Metropolitan News-Enterprise

 

Monday, October 15, 2012

 

Page 1

 

Court Orders New Sentencing for Teen Murderer

 

By a MetNews Staff Writer

 

The First District Court of Appeal Friday ordered a new sentencing hearing for a then-17-year-old convicted in the 2005 murder of a Bay Area police officer.

Div. Five rejected the argument that Andrew Moffett’s sentence of life imprisonment without possibility of parole was necessarily cruel and unusual under a recent U.S. Supreme Court decision. But because the defendant might have received a lesser sentence had the trial judge anticipated the standard the high court would set, Moffett must be sentenced again, the court said.

Moffett was twice sentenced to life without parole for the killing of Pittsburg Police Officer Larry Lasater. According to testimony, Moffett paid a friend to steal a car for him, then drove the car to a supermarket, where he and his friend Alexander Hamilton, who was 18 at the time, committed an armed robbery.

The two fled the scene, with officers in pursuit. Moffett continued on after Hamilton stopped in some bushes. As Lasater approached, Hamilton shot him twice.

A joint jury trial in 2007 resulted in both defendants being convicted of first-degree murder, three counts of second-degree robbery, and one count of car theft, with multiple firearms enhancements and a special circumstance of killing a peace officer. Hamilton was also found guilty of two counts of attempted murder for firing at t two officers who went to help Lasater, and the jury found as a special circumstance that he killed Lasater while lying in wait.

Hamilton was sentenced to death. Moffett, who was not eligible for the death penalty because he was 17, was sentenced under a statute that permits a sentence of either life without parole, or 25 years to life, for first degree murder when the defendant is between 16 and 18 years old at the time of the crime.

If a minor under 16 is tried as an adult, 25 years to life is the maximum sentence.

Moffett’s original sentence was thrown out, in an unpublished Court of Appeal opinion, after prosecutors conceded that the peace-officer special circumstance was not supported by substantial evidence that Moffett intended to kill anyone.

On remand, however, Contra Costa Superior Court Judge Laurel S. Brady imposed the same sentence. After the appeal was fully briefed, the U.S. Supreme Court decided Miller v. Alabama [2012] 132 S.Ct. 2455, which struck down a statute mandating a life sentence without possibility of parole for juveniles convicted of the highest degree of murder.
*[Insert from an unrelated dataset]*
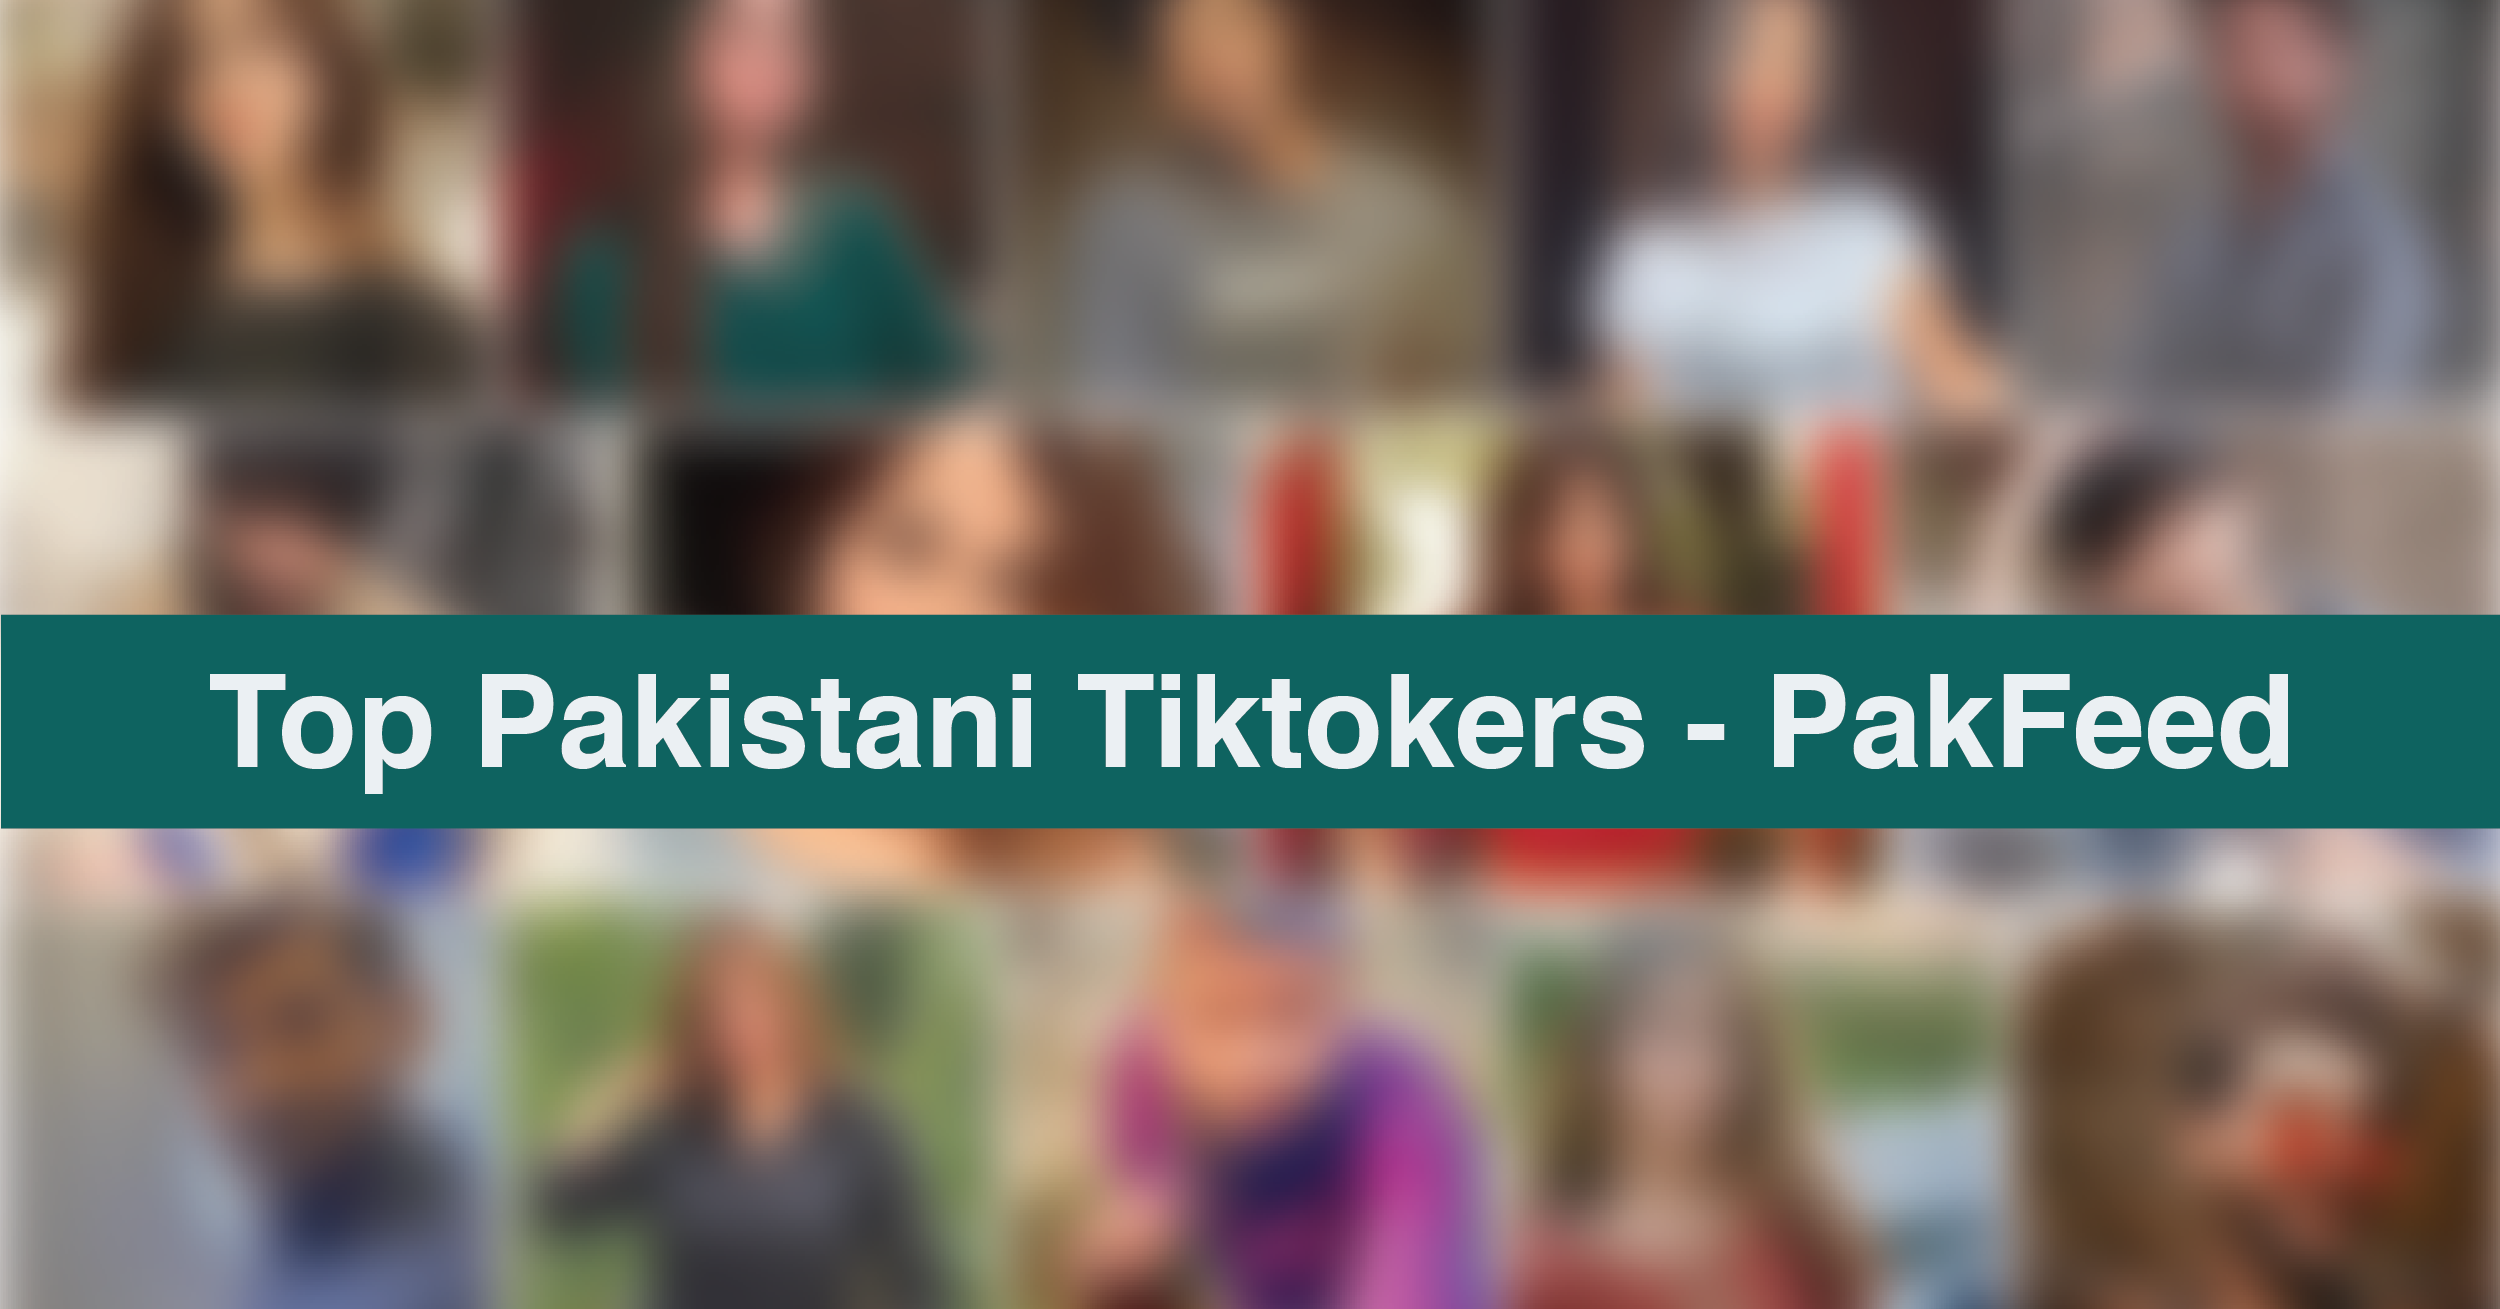 Top Pakistani Tiktokers

In a supplemental brief, the defense argued that because Moffett was not the shooter and lacked intent to kill, Miller precludes a life-without-parole sentence.

Justice Harry Needham, writing for the Court of Appeal, disagreed but said a new hearing must be held.

Miller, he noted, struck down the Alabama law because it made “youth (and all that accompanies it) irrelevant to imposition of that harshest prison sentence” and  did not allow judges to consider young defendants’ “lack of maturity and undeveloped sense of responsibility; their vulnerability to outside pressure and negative influences; their limited control over their own environment and their inability to extricate themselves from crime-producing settings; and their greater ability to change due to their possession of a character that is not as ‘well formed’ as an adult’s.”

California’s law, however, does not mandate life-without-parole, but allows the judge to choose between that sentence and 25-years-to-life, Needham noted. But a new hearing is necessary, he said, because there is a reasonable possibility the lesser sentence would have been imposed had the judge not treated life-without-parole as the presumptively correct sentence, pursuant to statute.  

The presumption was “contrary to the spirit, if not the letter, of Miller,” the justice said, as was the judge’s failure to at least consider the lack of intent to kill, and the undue consideration given trauma suffered by the robbery victims, rather than the “paramount factors” that distinguish minors from adults, as set forth by the high court.

But the lack of intent to kill does not, in and of itself, preclude a life-without-parole sentence, the justice explained, because “by finding the felony-murder special circumstances to be true, the jury necessarily determined that appellant was at least a major participant in the underlying robbery who acted with reckless indifference to human life.”

The case is People v. Moffett, 12 S.O.S. 5102.